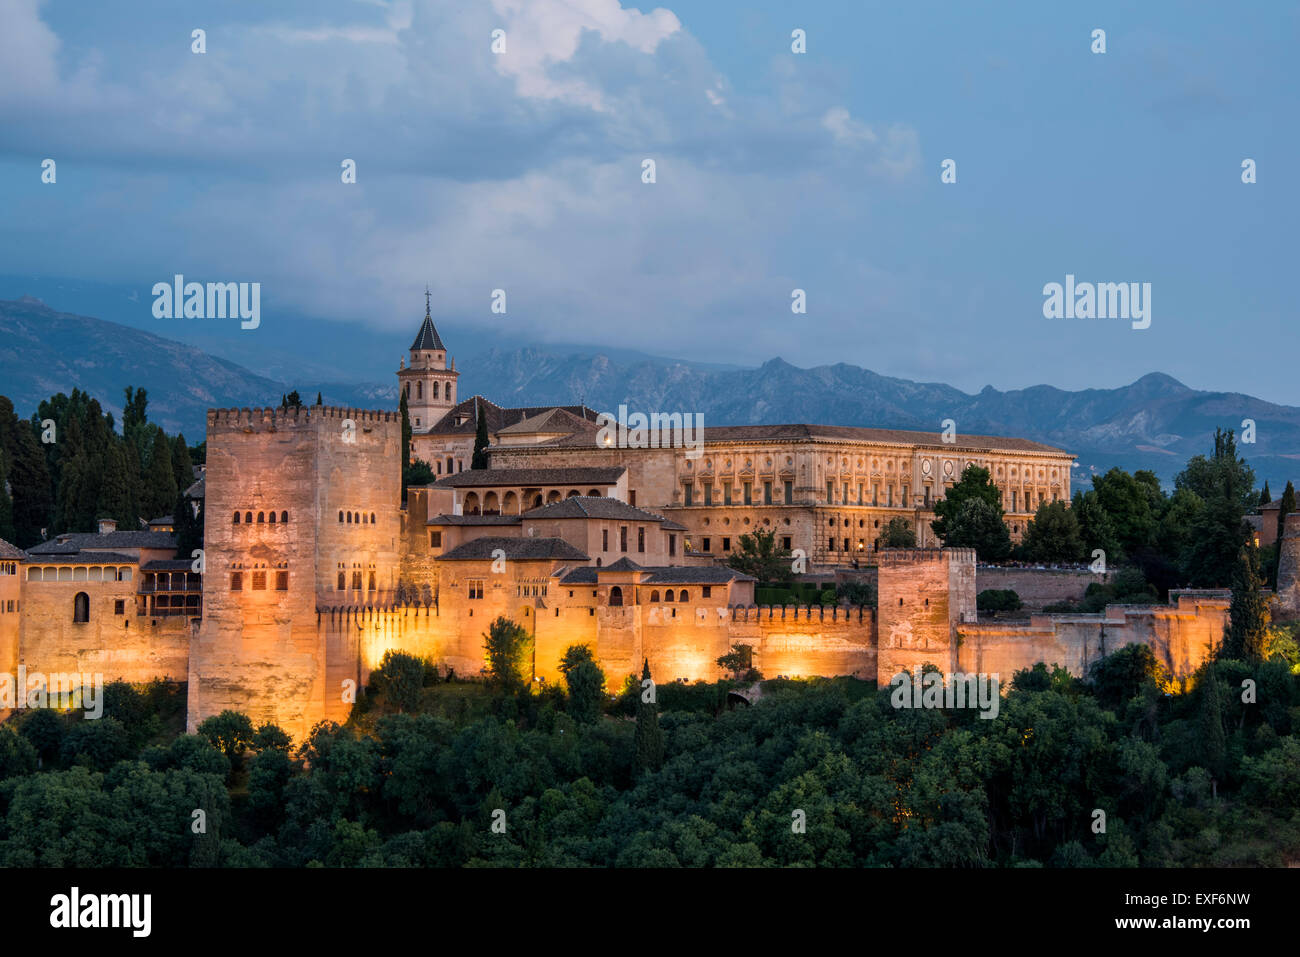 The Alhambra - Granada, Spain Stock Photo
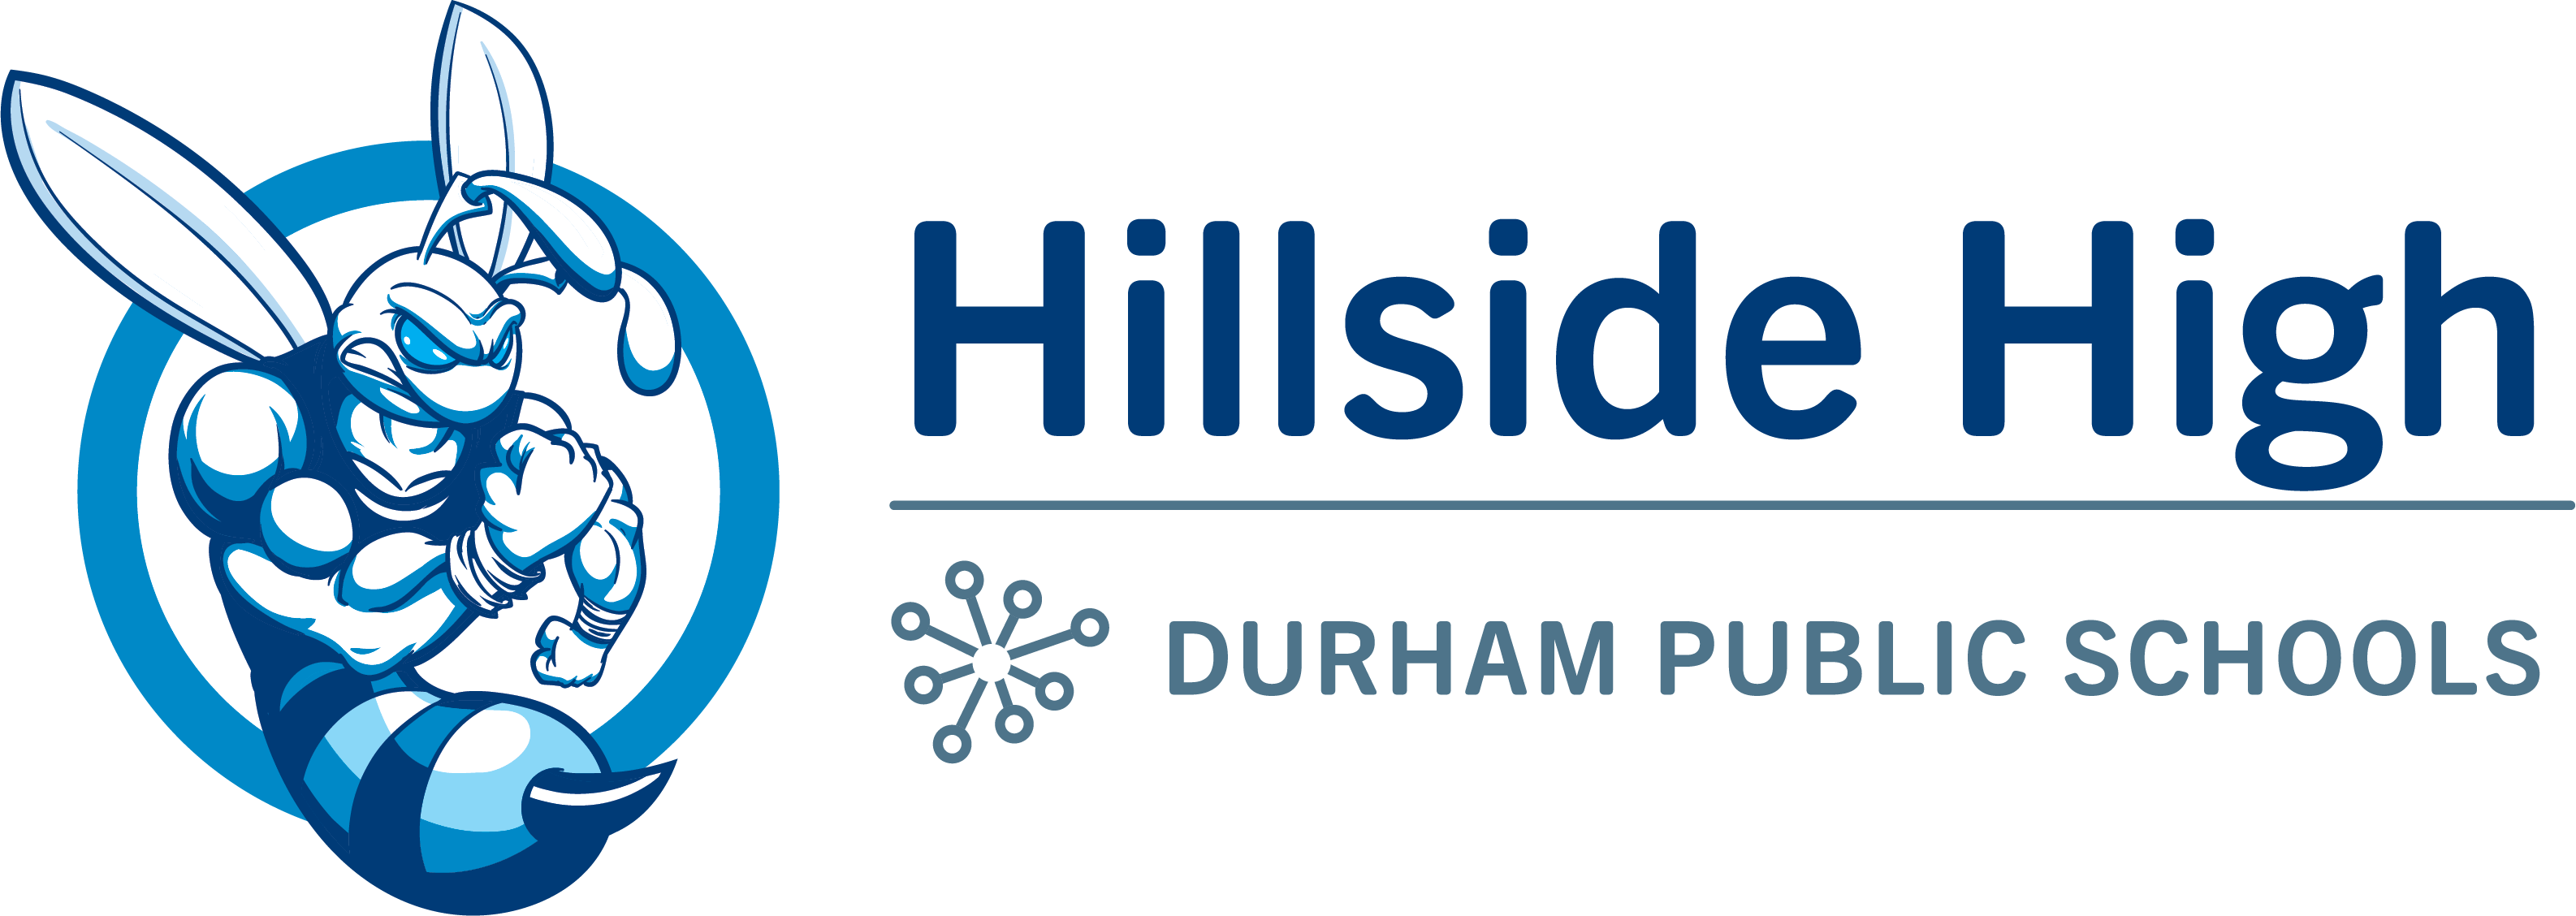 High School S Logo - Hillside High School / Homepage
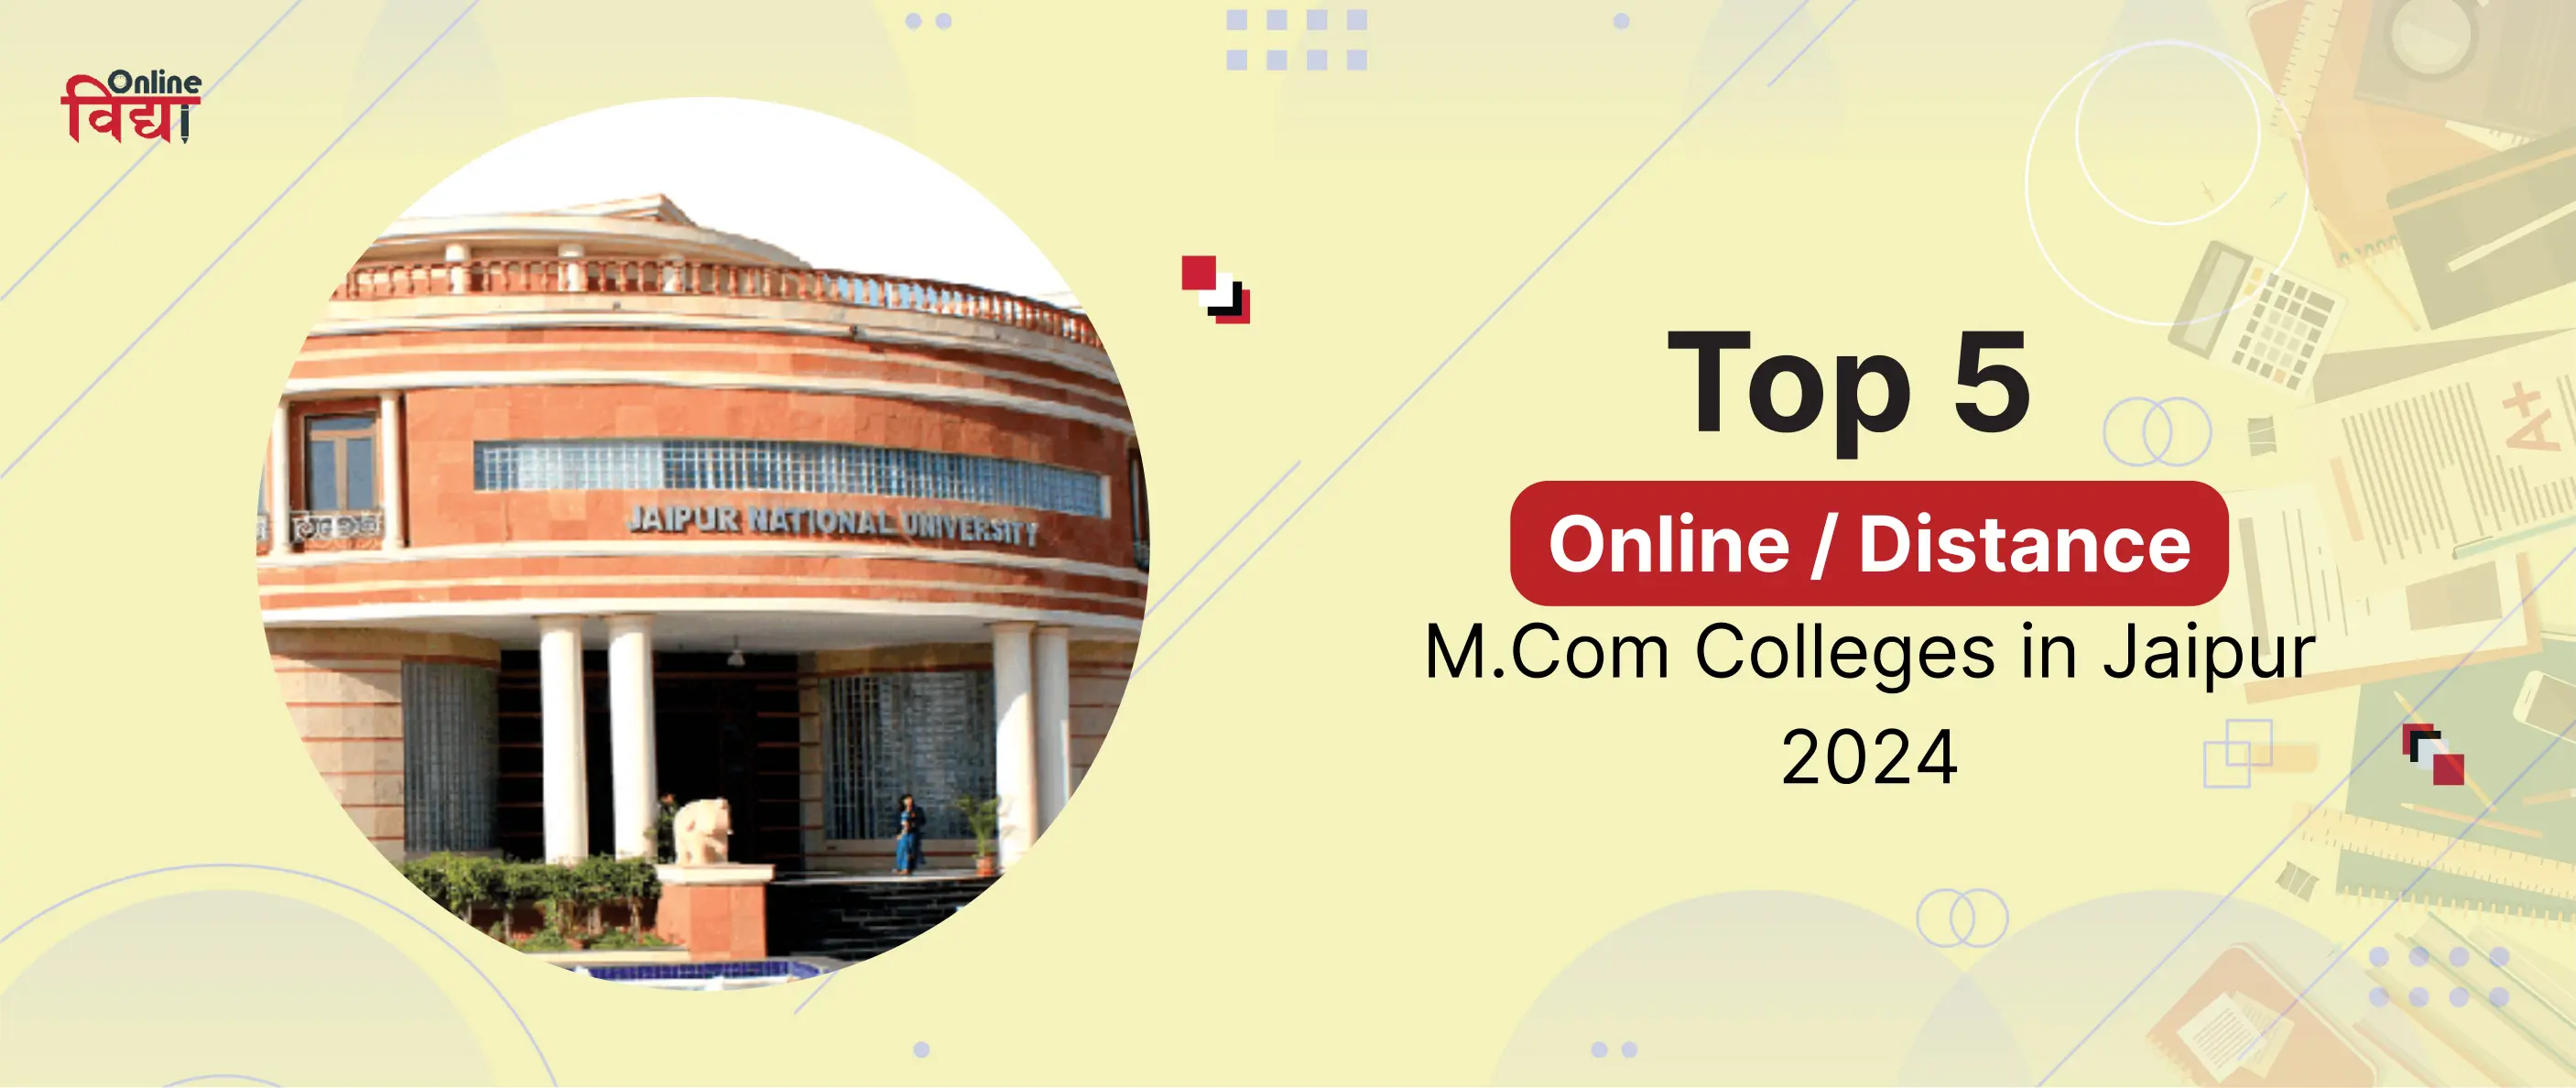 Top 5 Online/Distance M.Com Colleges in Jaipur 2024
★ ★ ★
Work to be completed:
Retype each line above precisely, please. Skip anything that is a picture.

Result of the exercise:
 The Alhambra - Granada, Spain Stock Photo
 High School S Logo - Hillside High School / Homepage
 Top 5 Online/Distance M.Com Colleges in Jaipur 2024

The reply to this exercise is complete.